Fundamental Problem of Causal Inference

  • We can only observe either \(Y_i(T_i=1)\) or \(Y_i(T_i=0)\), but not both, for each person \(i\)

        - The case we don't observe is called the "counterfactual"
  • This is a missing-data problem that we cannot resolve. We only have one reality

        - Models can only compensate for missing data by assumption

So what can we do?

  1. Experiment. Randomize \(T_i\) and estimate \(\frac{\partial Y_i}{\partial T_i}\) as avg \(Y_i(T_i=1)-Y_i(T_i=0)\)

     - Called the "Average Treatment Effect"
     - Creates new data; costs time, money, attention; deceptively difficult to design and then act on
  2. Use assumptions & data to estimate a “quasi-experimental” average treatment effect using archival data

     - Requires expertise, time, attention; difficult to validate; not always possible
  3. Use correlations: Assume past treatments were assigned randomly, use past data to estimate \(\frac{\partial Y_i}{\partial T_i}\)

     - Easier than 1 or 2; but T is only randomly assigned when we run an experiment, so what exactly are we doing here?
  4. Fuhgeddaboutit, go with the vibes, do what we feel

How much does causality matter?

      - How hard should we work?
  • Organizational returns or costs of getting it right?
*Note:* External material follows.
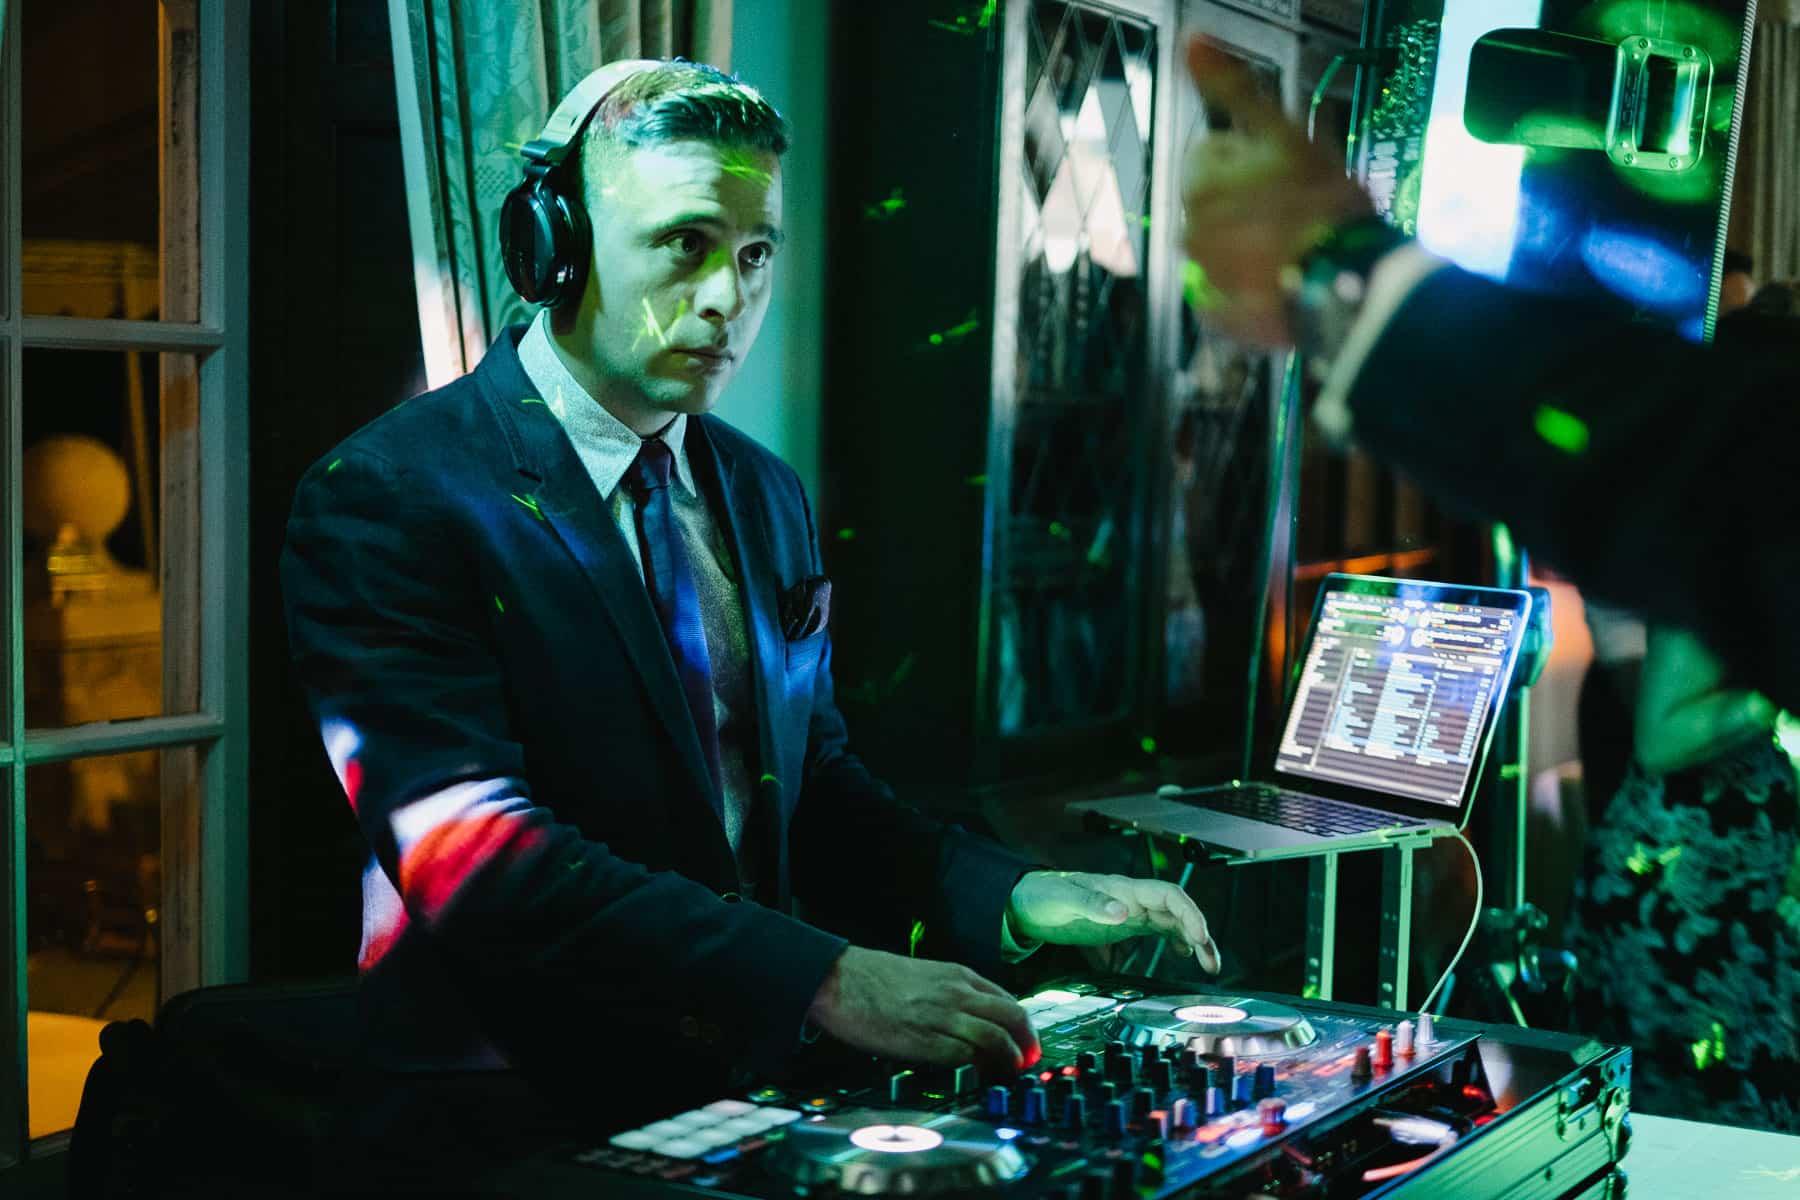 Wedding DJ mixing music in green light at McClain House, Estates of Sunnybrook.

  • Data thickness: How likely can we get a good estimate?

  • How does empirical approach fit with organizational analytics culture? Will we act on what we learn?
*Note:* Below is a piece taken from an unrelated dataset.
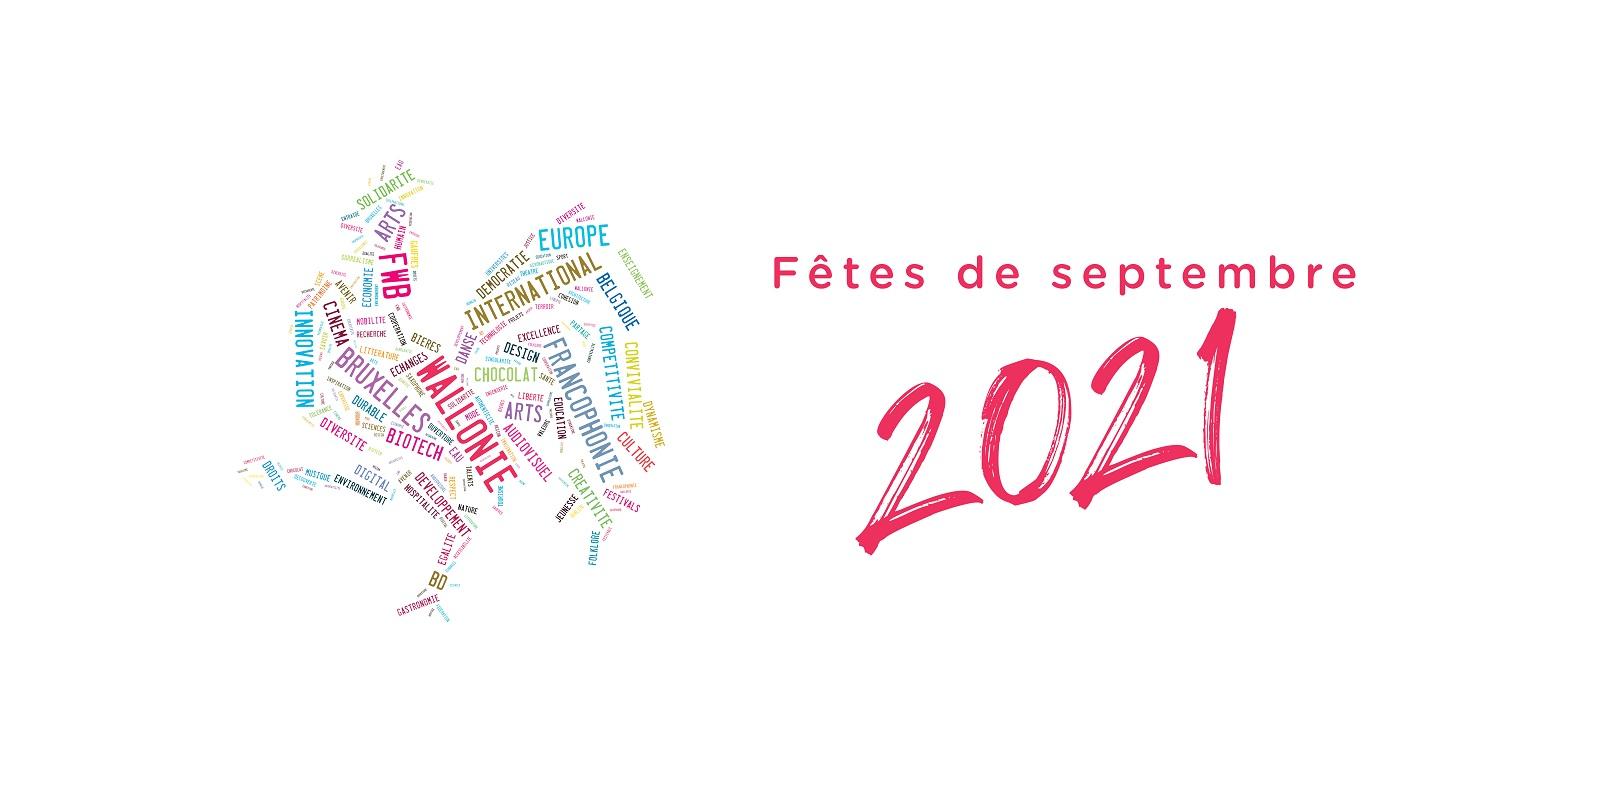 Fêtes de septembre 2021 | © J. Van Belle - WBI

  • Individual: promotion, bonus, reputation, career; Will credit be stolen or blame be shared?

  • Accountability: Will ex-post attributions verify findings? Will results threaten or complement rival teams/execs?

        - Analytics culture starts at the top

Ad/sales example: Experiment

  1. Randomly assign ads to customer groups on a platform; measure sales in each group

     - Often called "incrementality" in ad/sales context
    
     - Pros: AB testing is easy to understand, easy to implement, easy to validate
    
     - Cons: Can we trust the platform's "black box"? Will we get the data and all available insights? Could platform knowledge affect future ad costs?
  2. Randomize over messages within a campaign

  3. Randomize over times, places, consumer segments

  4. Randomize over budgets and bids

  5. Randomlize over platforms, publishers, behavioral targets, etc., to compare RoAS across options

       RoAS = Return on Ad Spend. RoAS defined as Sales / AdSpend or (Sales-AdSpend)/AdSpend

Experimental necessary conditions

  1. Stable Unit Treatment Value Assumption (SUTVA)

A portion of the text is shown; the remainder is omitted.